RENEGADE
MILLIONAIRE IDEA OF THE MONTH:
HEALTHY CURIOSITY
I find peoples’ absence of curiosity
shocking. As example, last month’s Gold+ call. Several
hundred Gold+ Members were on the call with our guest,
Platinum Member Chauncey Hutter Jr. This is a guy who took
a 2-room “pop ‘n son” tax prep practice and turned into a 23
office chain, selling services at 100% higher prices than
competitors, growing every year, employing up to 400
employees at a time, generating millions within a matter of
weeks each year, and able to make all that happen based on
our kind of marketing. Bill guided him through a chronology
of milestones in the development of his business. He
revealed a number of things he’s doing differently than most
business owners. And plenty of little “hints” at things were
dropped that should have aroused the curiosity of anybody
listening. Yet, when it came time for question/answer, there
were, I think, six. Reverse the situation, by the way, and
put Hutter and Glazer in the audience, they’d have both had
questions to ask. I know that for fact, from experience.
Here are just a few of the questions I’d have asked Mr.
Hutter:
How do you pick the towns you open
offices in?
How do you compete – what specifically
do you do to compete – with the big, advertised national
brand chains like H.R. Block and Jackson Hewitt?
You mentioned yours was blue collar
clientele and you use direct-mail, so how do you choose who
to mail to, what lists do you use?
You said you mystery shop your
competitors – what do you look for? What have you learned?

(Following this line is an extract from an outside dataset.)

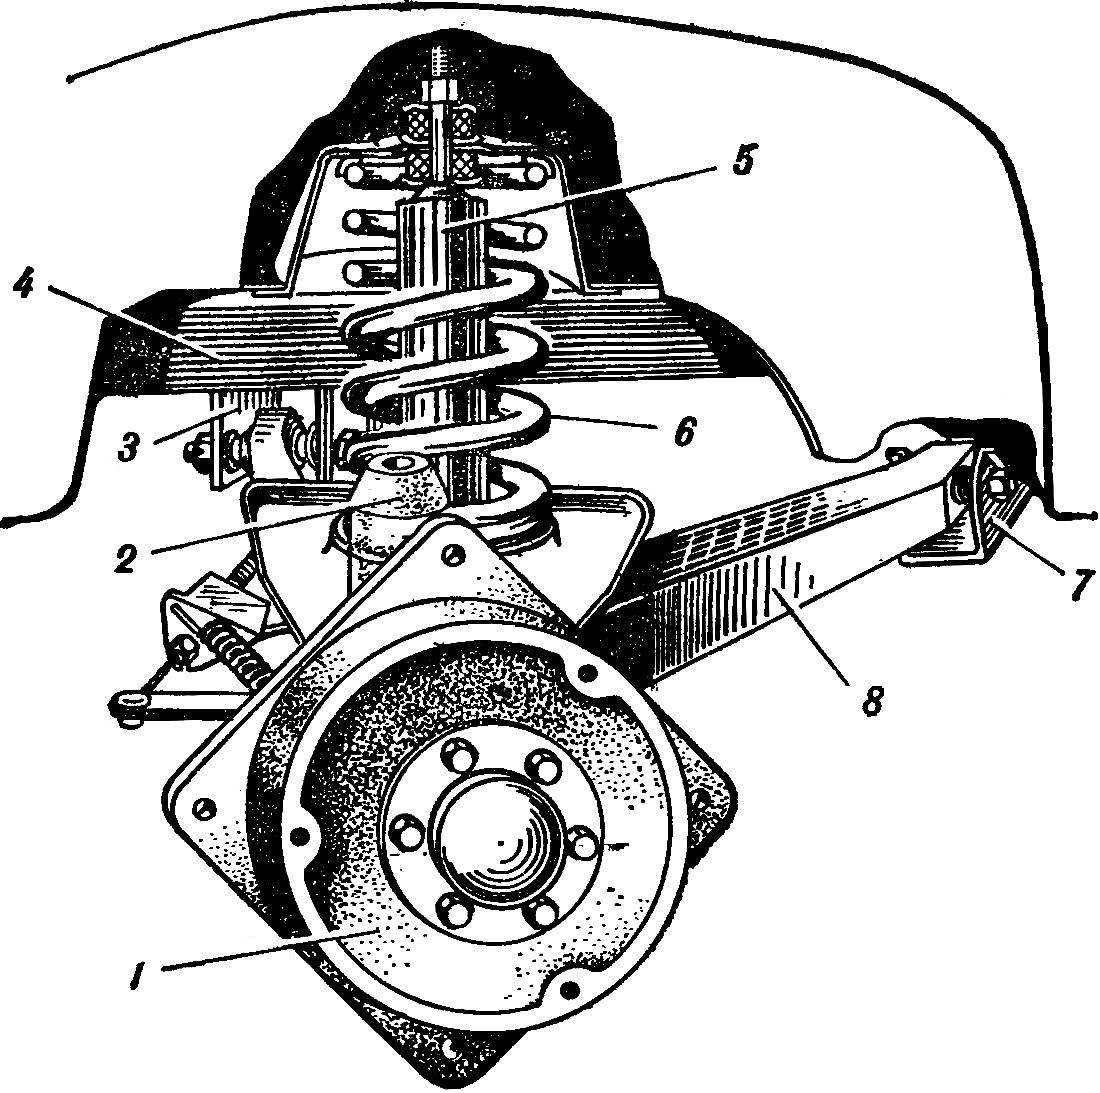 Fig. 7. Rear suspension
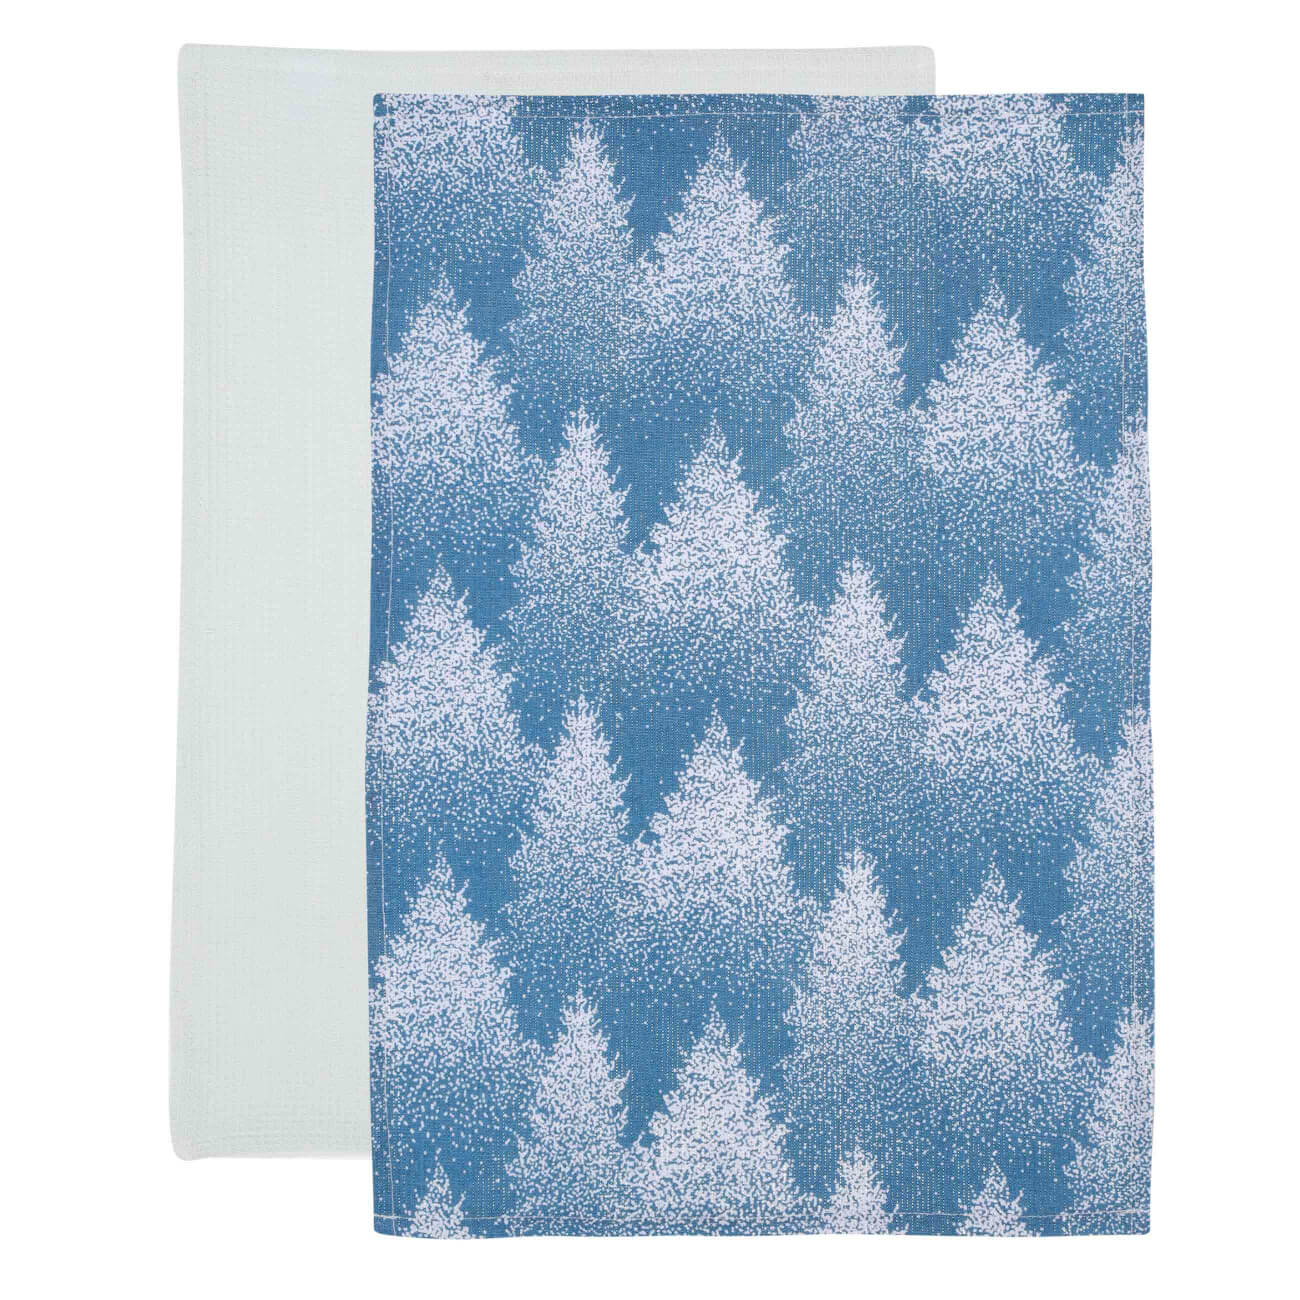 Полотенце кухонное, 40х60 см, 2 шт, хлопок, голубое/белое, Снежные ели, Snowy fir полотенце xiaomi zsh youth series 34cm x 76cm белое

You run a school to get your employees
– how does that work?
You were at a 45% retention when you
dug in to fix it – what percentage do you retain year to
year now? What will be your next experiment to further
improve it?
What’s the biggest mistake you’ve made?
Knowing what you know now, if you had
one office and decided to open 20, what would you do
differently?
How do you use YOUR time? How do you
manage your time?
Well, I could go on.
I am sometimes amused by peoples’
absence of curiosity, and I deliberately drop “bait” in
conversation, just to see if they’ll respond. The day
after consulting with Gold/VIP Member Dr. Barry Lycka, I
mentioned to another doctor that Barry had over 500 people
at his annual seminar, and signed 180 up for cosmetic
procedures on the spot. I waited for the “holy cow, how’d
he do that?” question. It didn’t come. In conversations
with numerous businesspeople about Trump’s ‘Apprentice
Show’, I’ve mentioned the fact that they had 216,000
applicants for the first show. Not one person has asked me
if I knew how they created those 216,000. A few weeks ago,
a client who came to me for consulting who, in part, has
said he’d like to reduce the amount of travel and time he
invests in going to his clients, sort of grumbled that he
admired me, for being able to get people to pay and come to
Cleveland, then drive an hour out into the middle of
nowhere, to meet with me at my convenience. But he never
specifically asked me how I do that. Since he didn’t ask, I
didn’t enlighten him. You know, I invited people to submit
questions to me for my Renegade Millionaire System – only 30
or 40 out of nearly 5,000 invited bothered to do so. If that
situation was reversed, I’d ask me something.
For the record, I, and the Renegade
Millionaires that I work most closely with, are insatiably,
aggressively curious. We want to know: how did they do
that? How did they know to do that? Why did they do
that? How does that business work? What are its economics?
And on and on and on. And we rarely let an opportunity to
quiz anybody worthy of being quizzed slip by The first time
Joe Polish got me in private, on an airplane flight from
L.A. to Phoenix after I let him tag along to a Peter Lowe
event, he asked me so many questions I had to ask him to
stop. Every time I’ve ever been with Fran Tarkenton, he’s
quizzed me about businesses – speaking, seminars,
infomercials.
One of my earliest mentors told me he
couldn’t stand idle socializing or pointless conversation.
He said if he opened his mouth, it was for one of only two
purposes: to sell something or ask a probing question.
Otherwise, he’d save his breath. He also said that you
should be able to observe something, overhear something or
ask about something anywhere, even at a funeral, that would
be profitable.
Jim Rohn has always told people:
take a millionaire to dinner. Jim says most people
respond: “Pick up the check for a millionaire? Are you nuts?
I should buy him his steak? Let him pick up my check. He’s
the millionaire.” See, most people don’t get it. At all.